Problem details. Without including any pictures, write out the data below exactly.
Segment Start: Data block
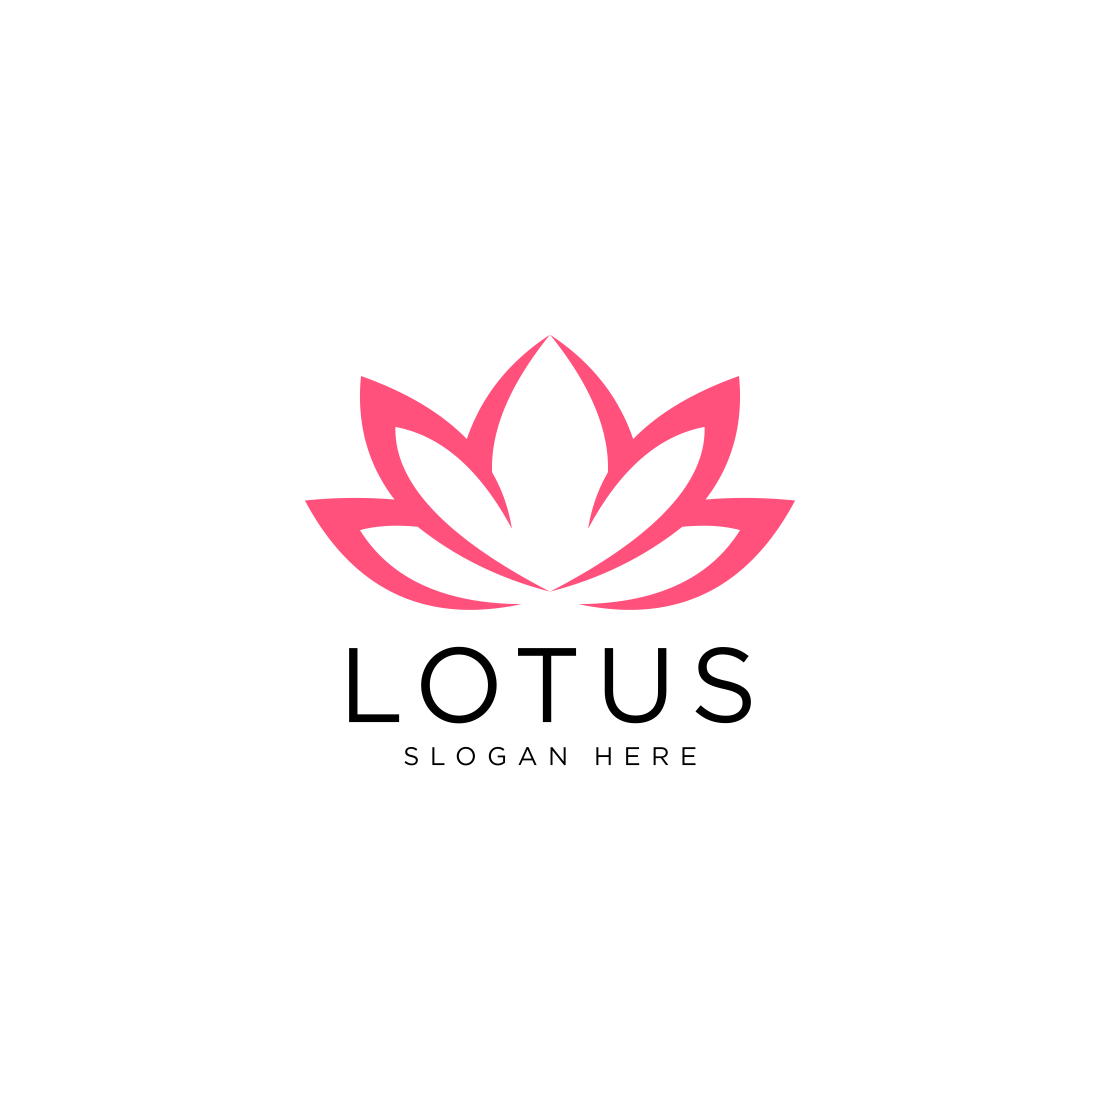 Lotus flower logo vector design cover image.
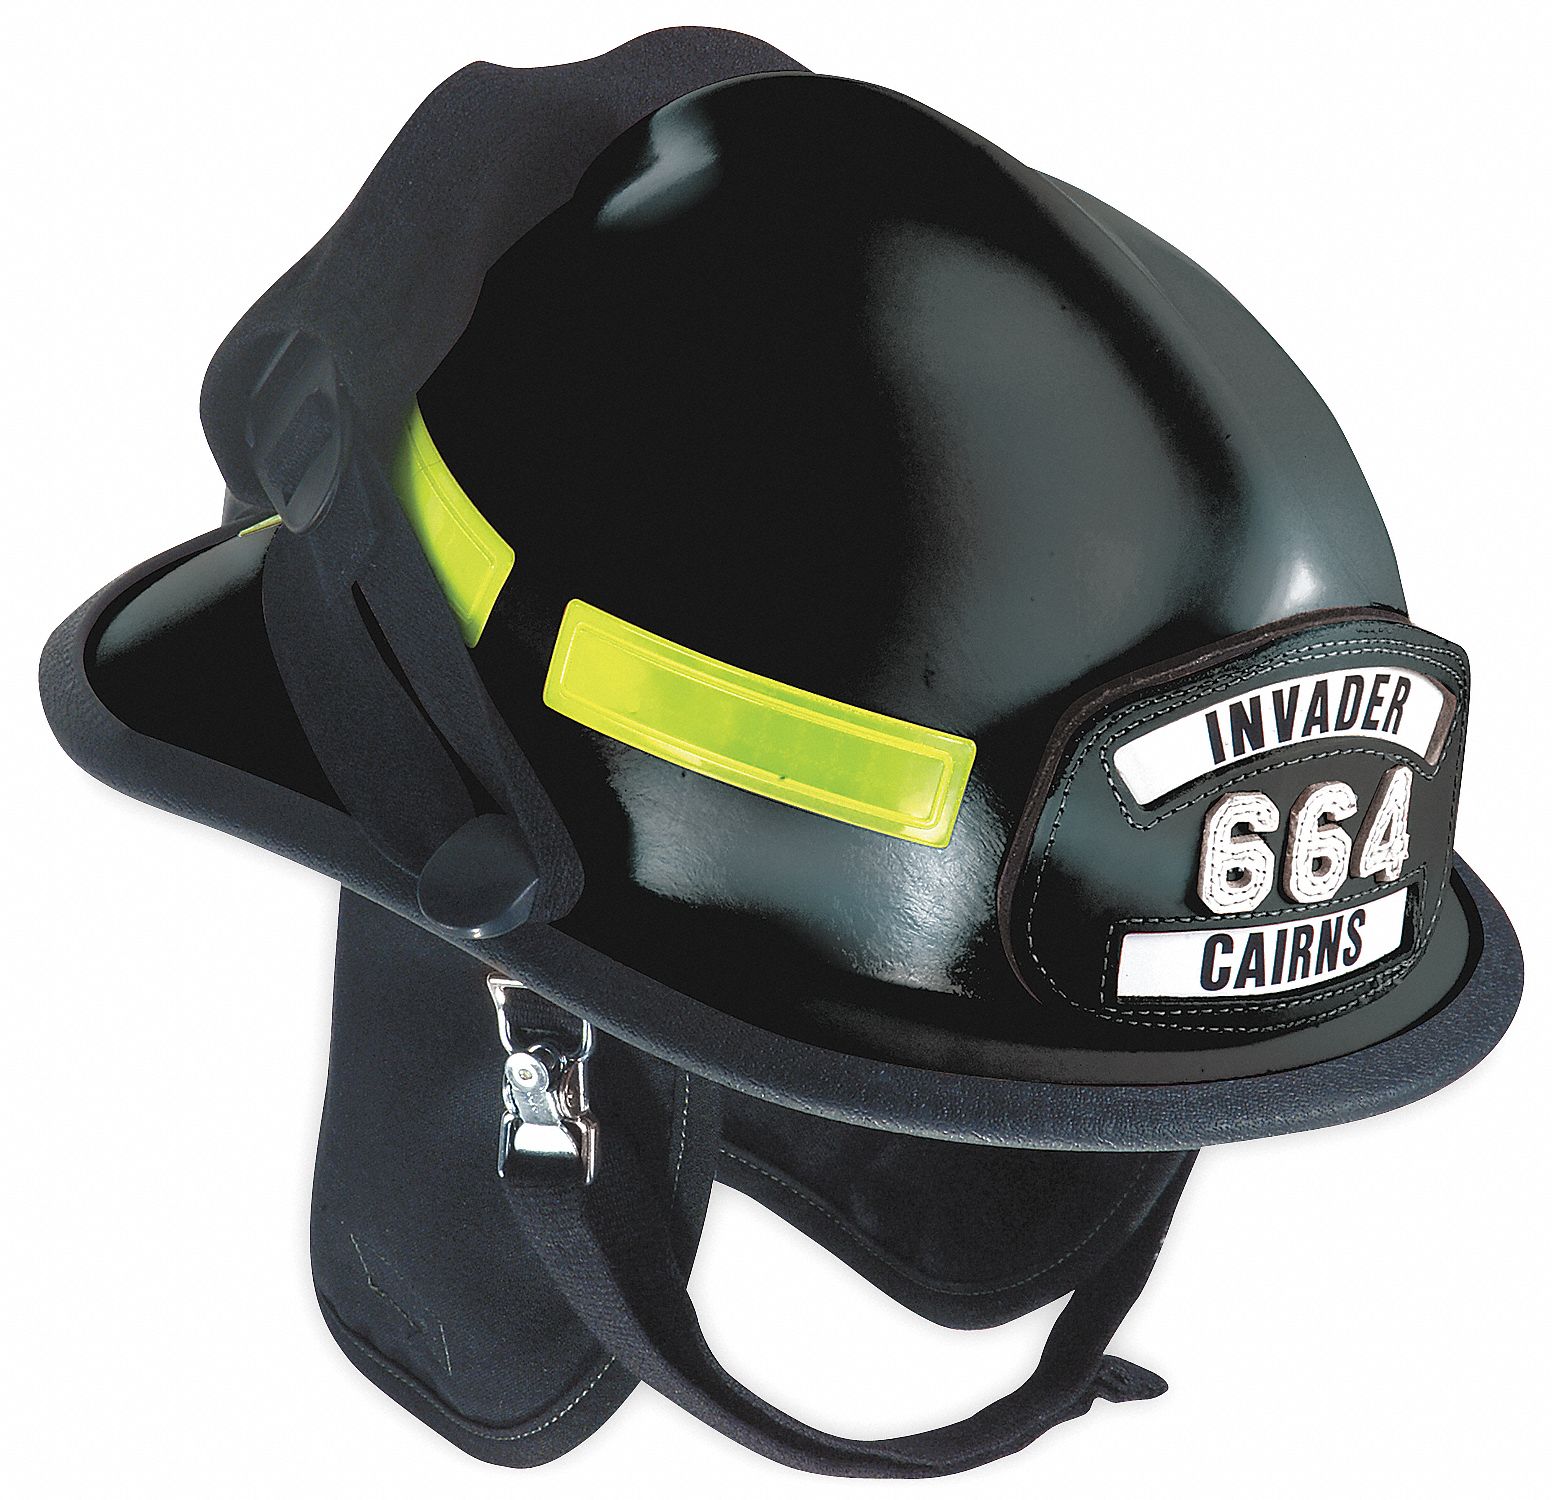 Black Fire Helmet, Shell Material: Fiberglass, Ratchet Suspension, Fits Hat Size: 6-3/8 to 8-3/8"
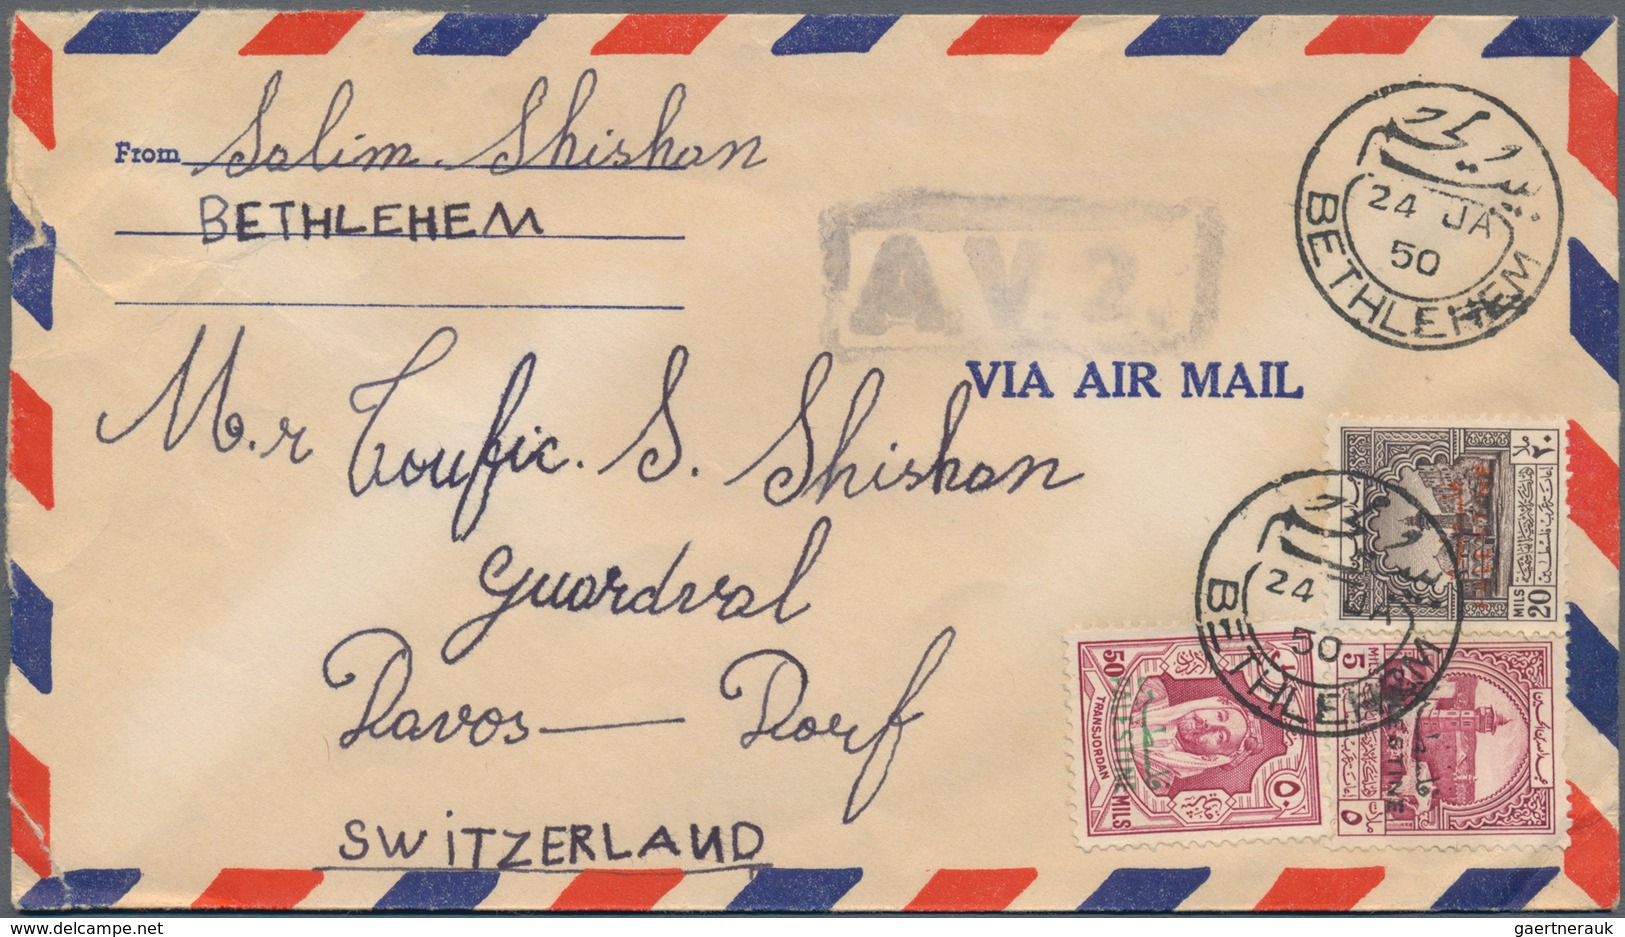 Jordanische Besetzung Palästina: 1950, Correspondence Of Covers (10, 9 By Airmail) From "BETHLEHEM" - Jordania
Segment End: Data block
Output of the exercise.
 Lotus flower logo vector design cover image.
 Black Fire Helmet, Shell Material: Fiberglass, Ratchet Suspension, Fits Hat Size: 6-3/8 to 8-3/8"
 Jordanische Besetzung Palästina: 1950, Correspondence Of Covers (10, 9 By Airmail) From "BETHLEHEM" - Jordania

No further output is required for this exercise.